§ WHAT TO WORK ON: Copy down the listing below exactly. Do not include pictures.

§ GIVEN MATERIAL:
+++++

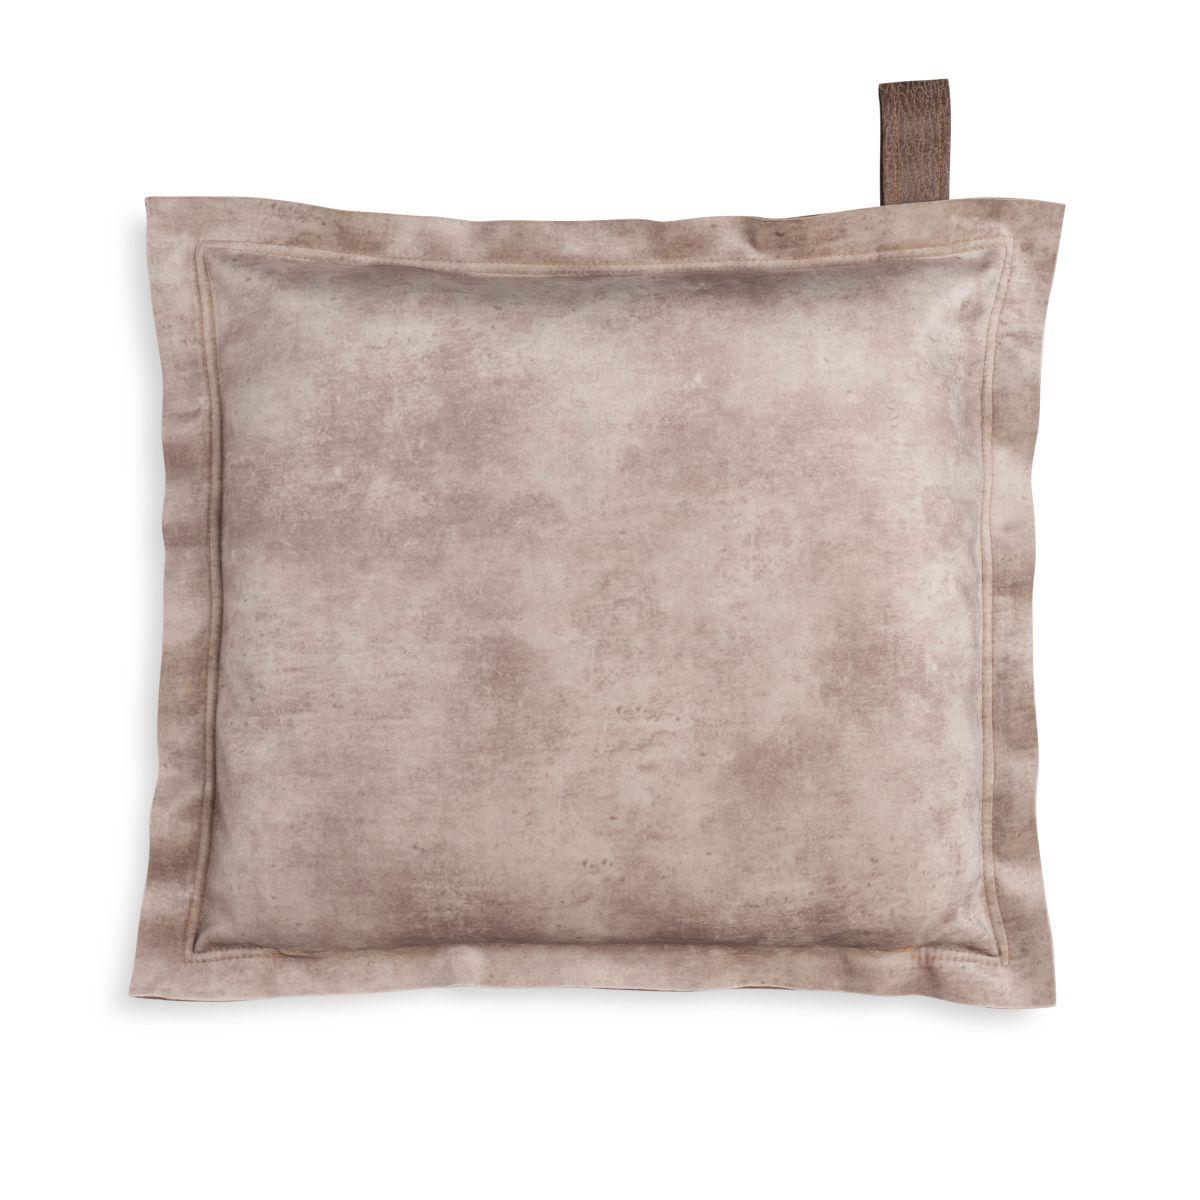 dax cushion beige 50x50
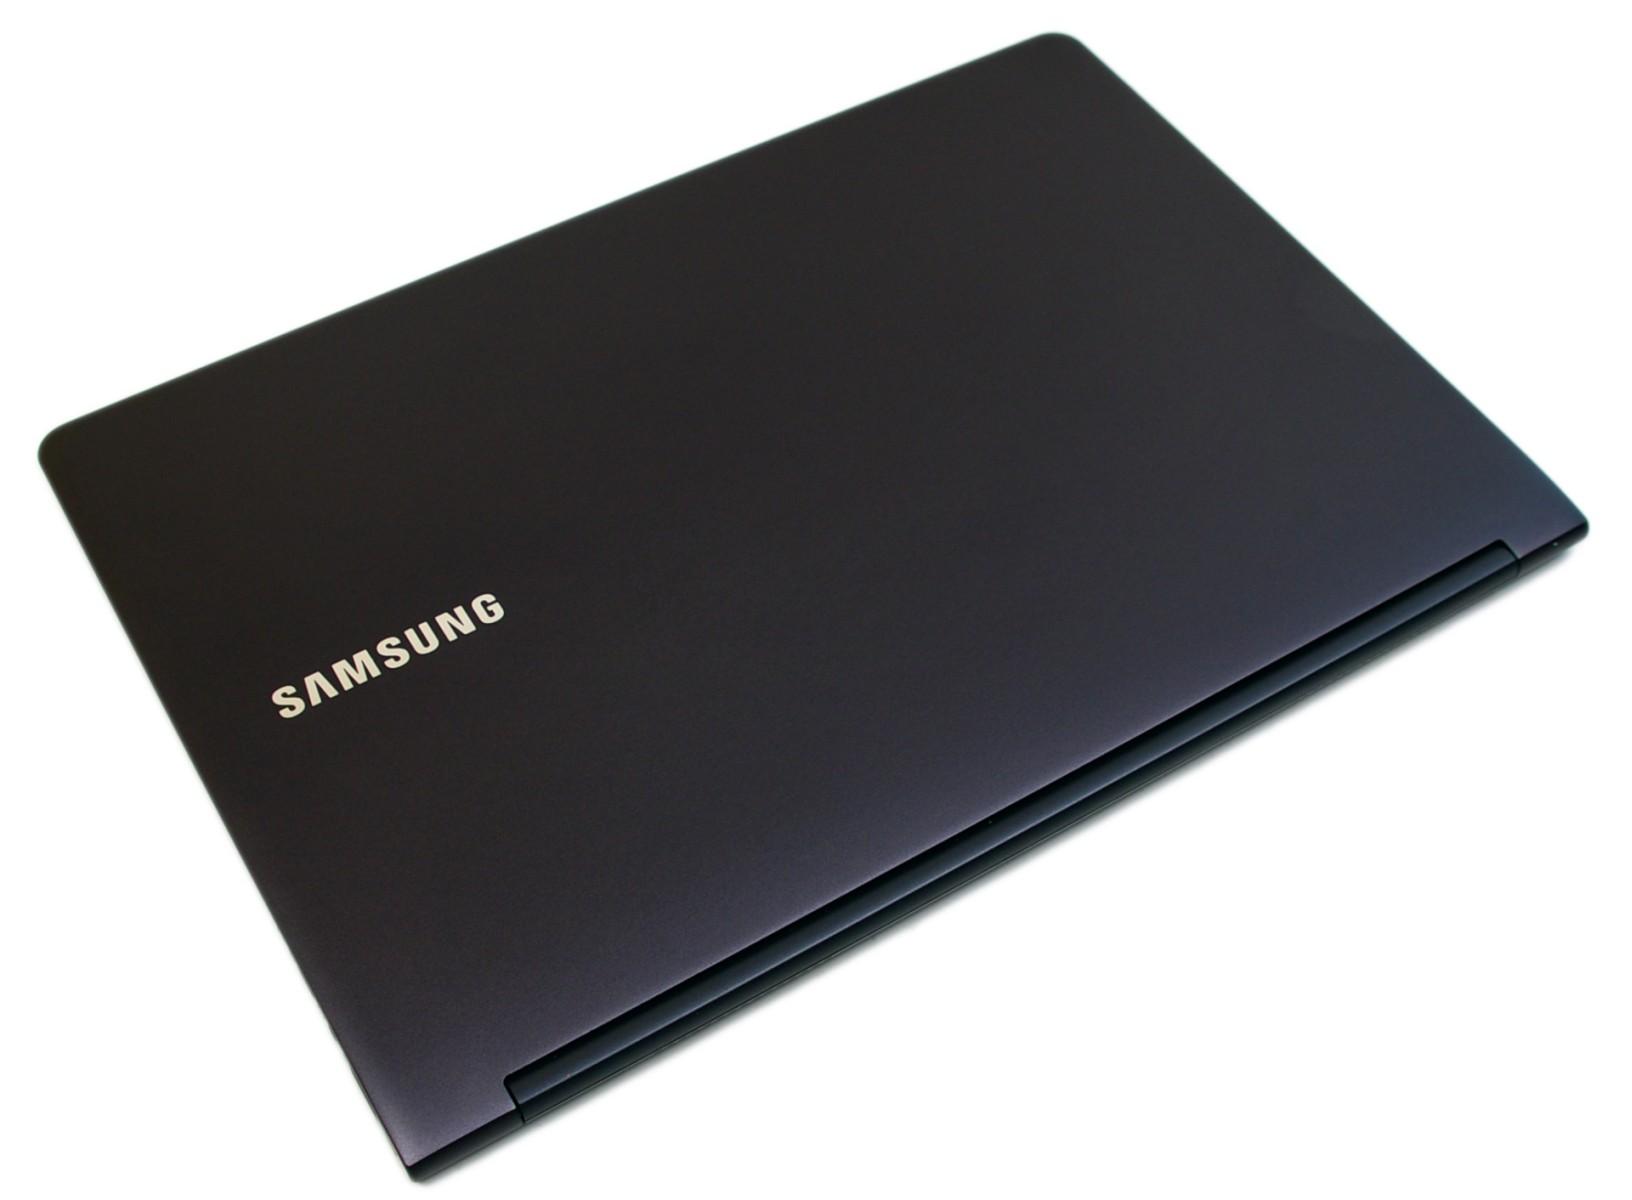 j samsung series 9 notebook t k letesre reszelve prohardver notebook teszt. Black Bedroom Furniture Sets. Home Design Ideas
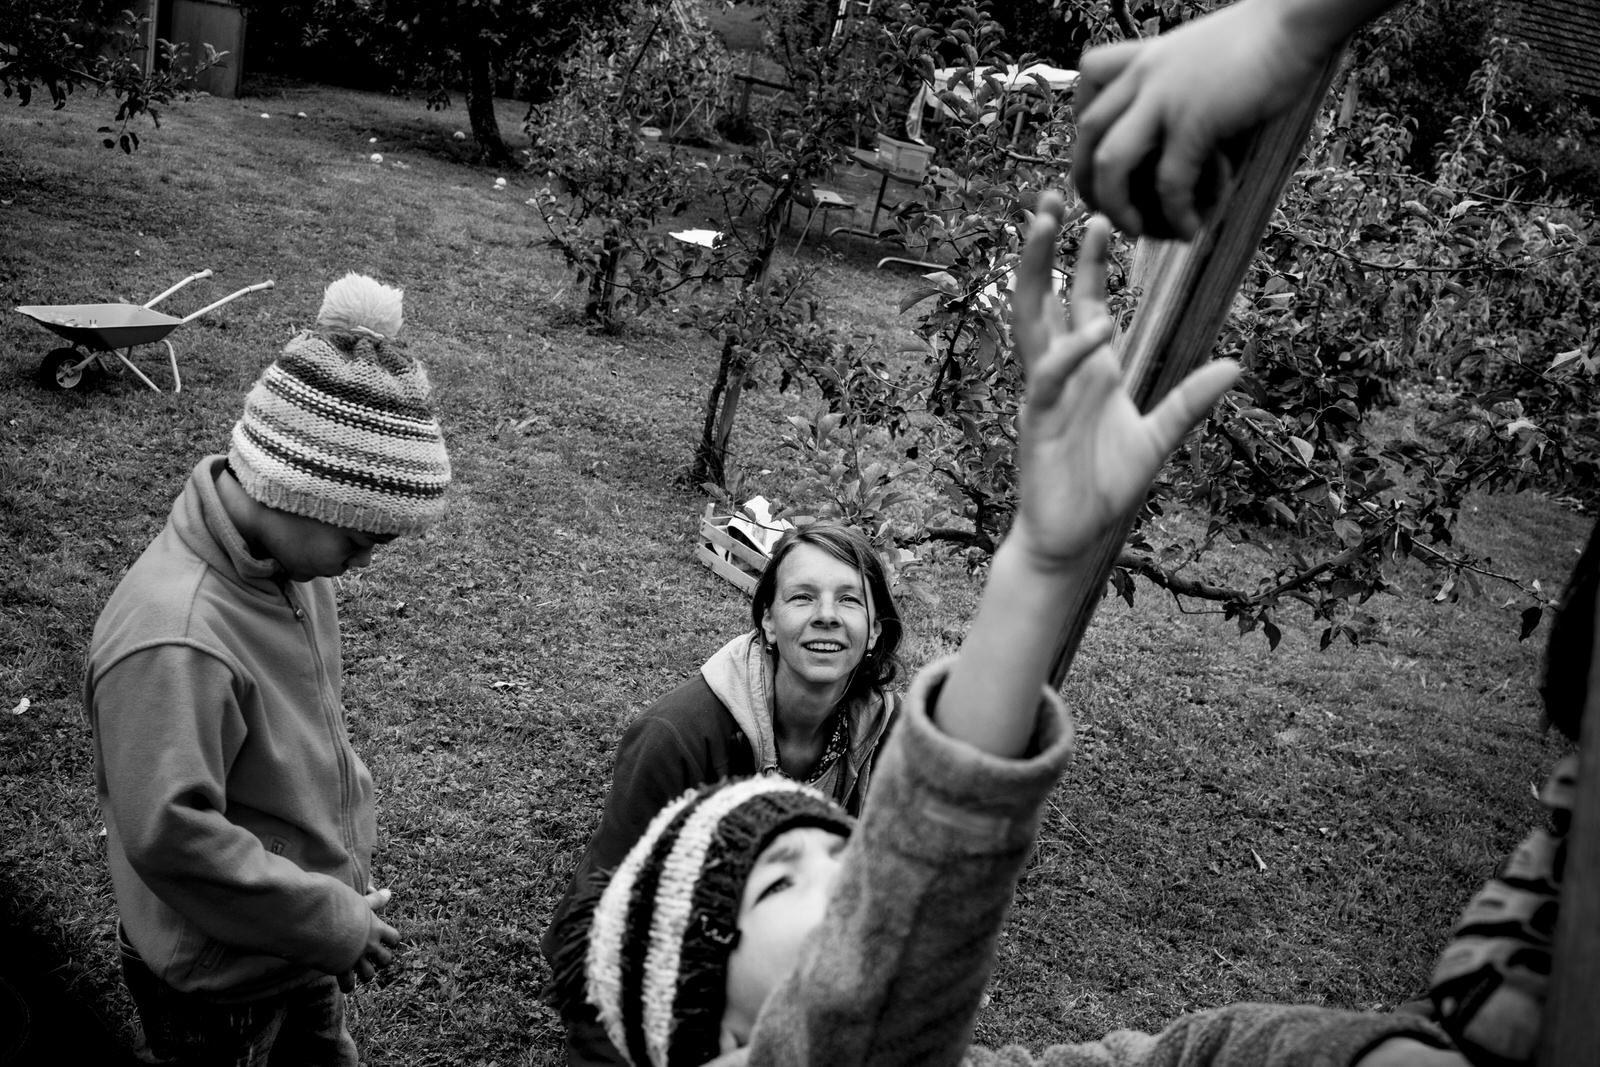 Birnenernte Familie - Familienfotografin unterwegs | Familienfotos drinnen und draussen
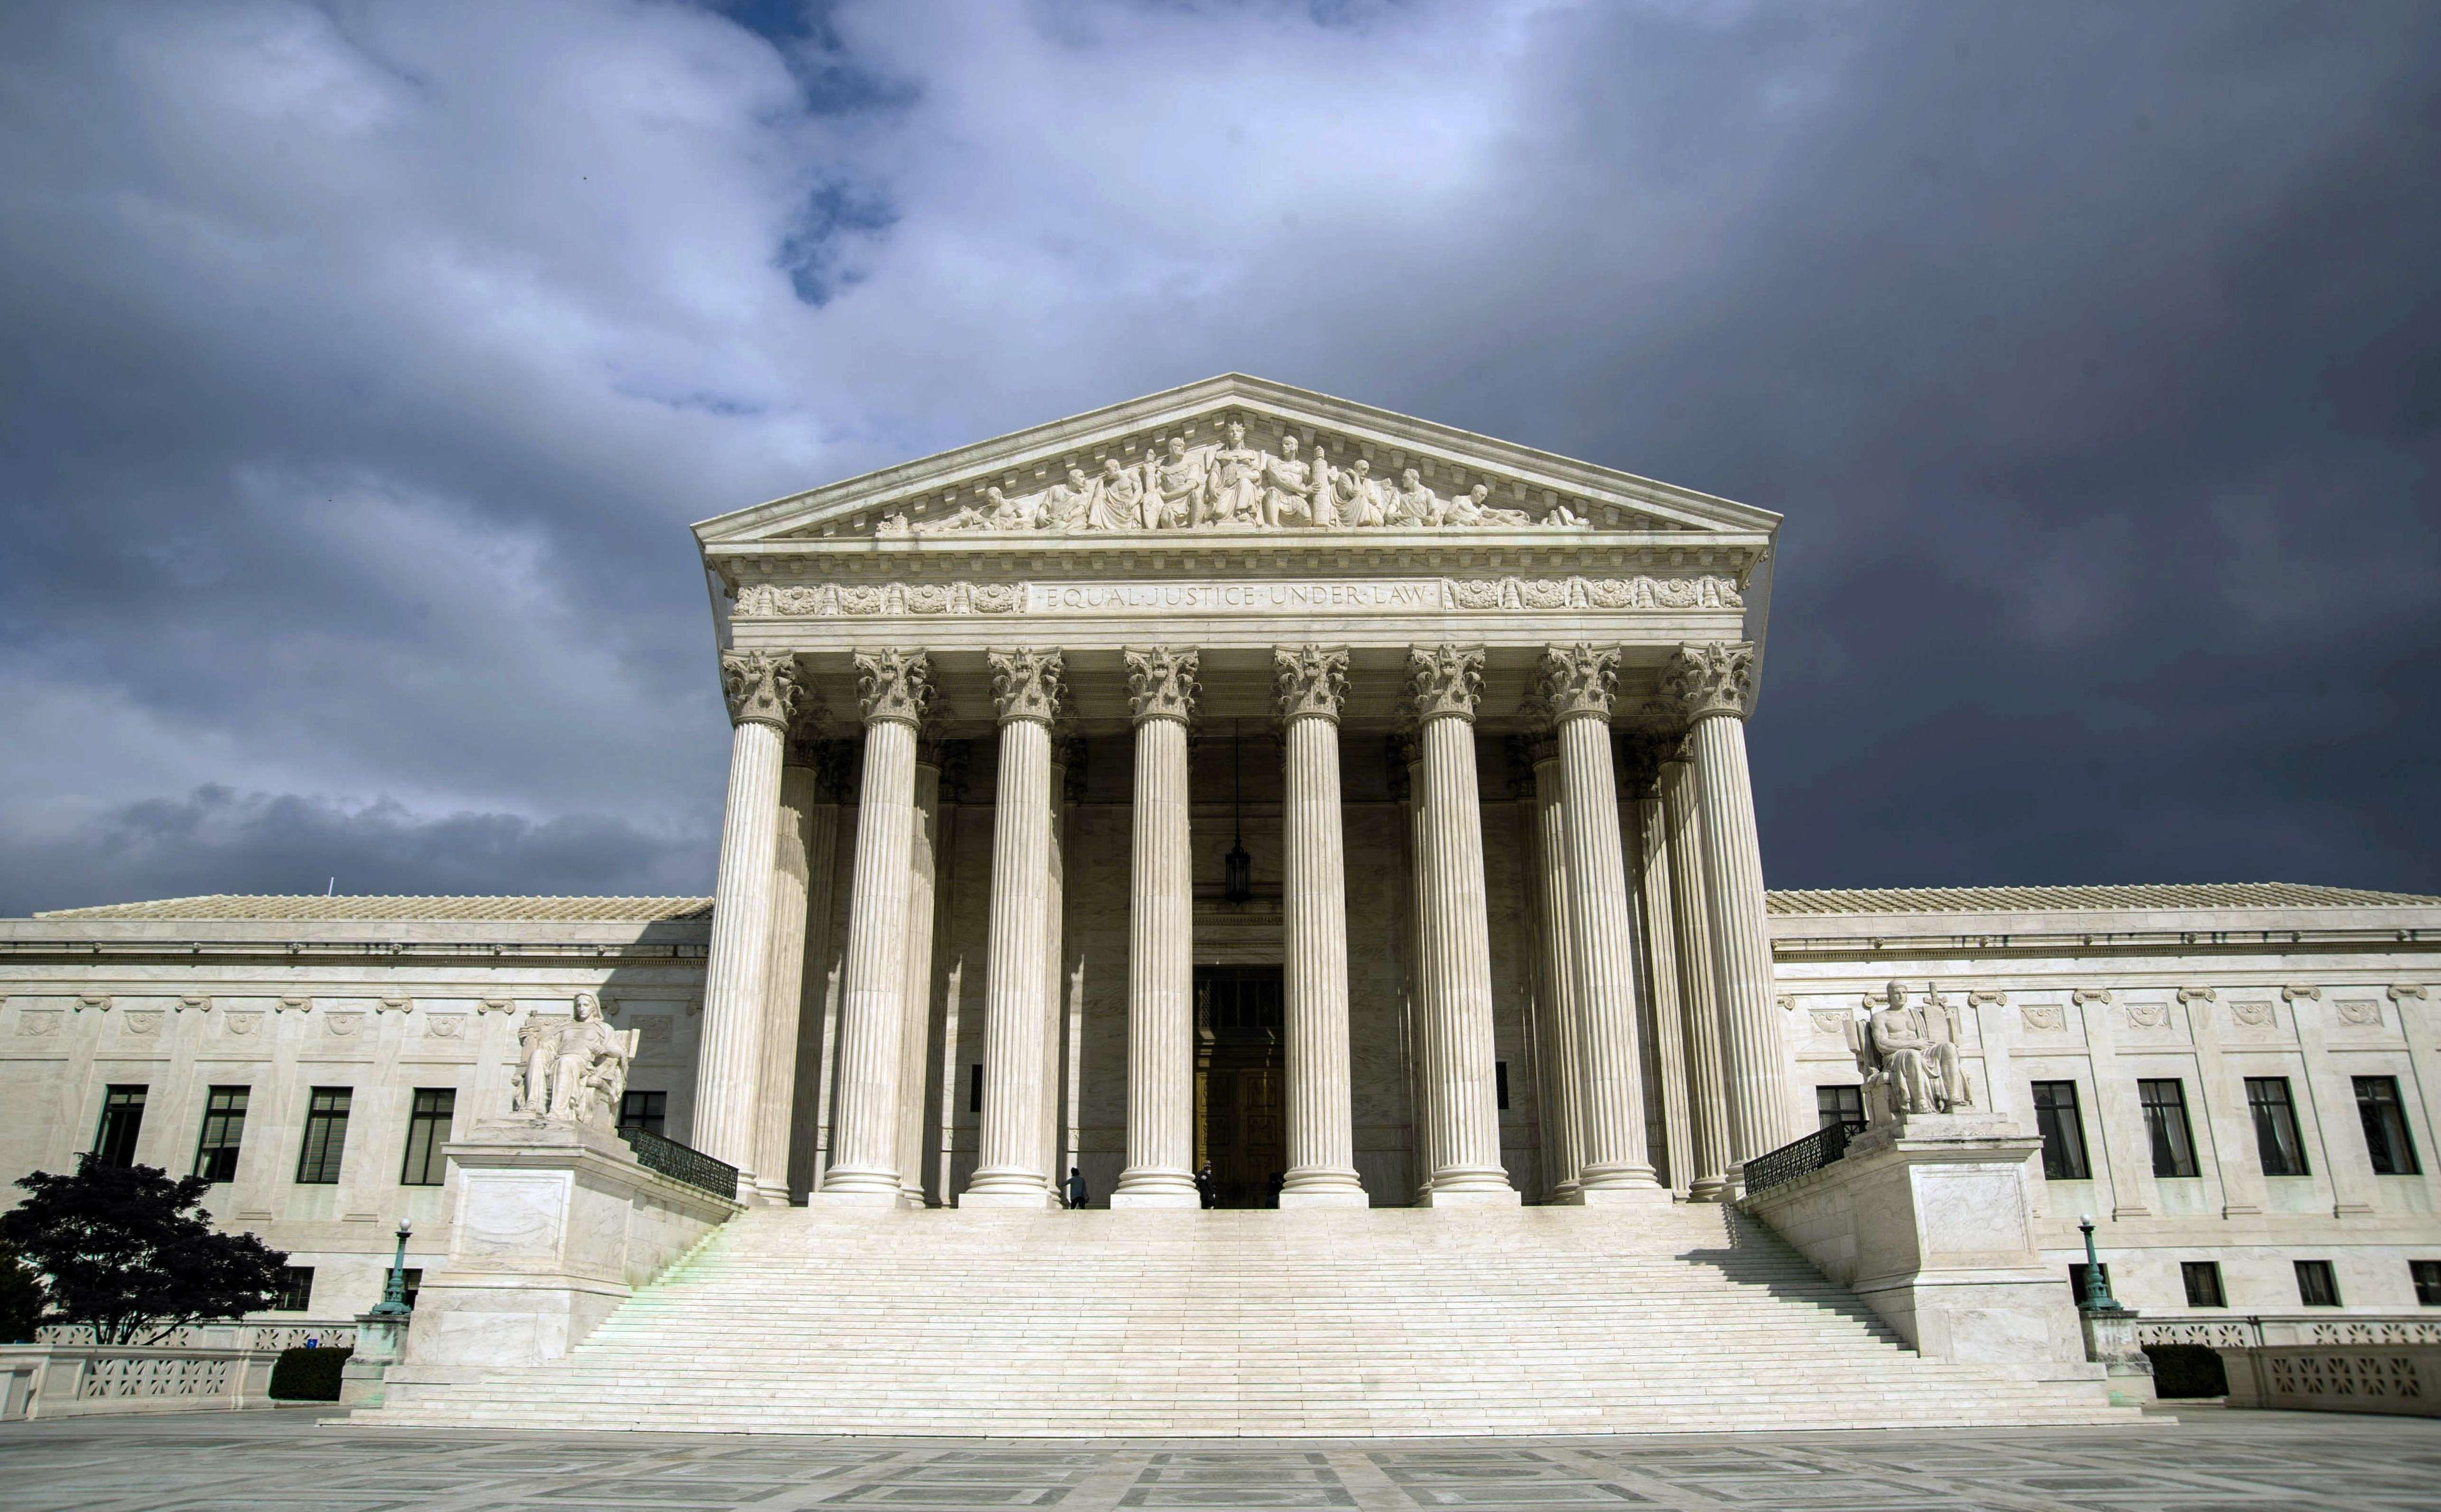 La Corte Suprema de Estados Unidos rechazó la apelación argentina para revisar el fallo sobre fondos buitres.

+++++

§ ANSWER BELOW:
 dax cushion beige 50x50
 j samsung series 9 notebook t k letesre reszelve prohardver notebook teszt. Black Bedroom Furniture Sets. Home Design Ideas
 Birnenernte Familie - Familienfotografin unterwegs | Familienfotos drinnen und draussen
 La Corte Suprema de Estados Unidos rechazó la apelación argentina para revisar el fallo sobre fondos buitres.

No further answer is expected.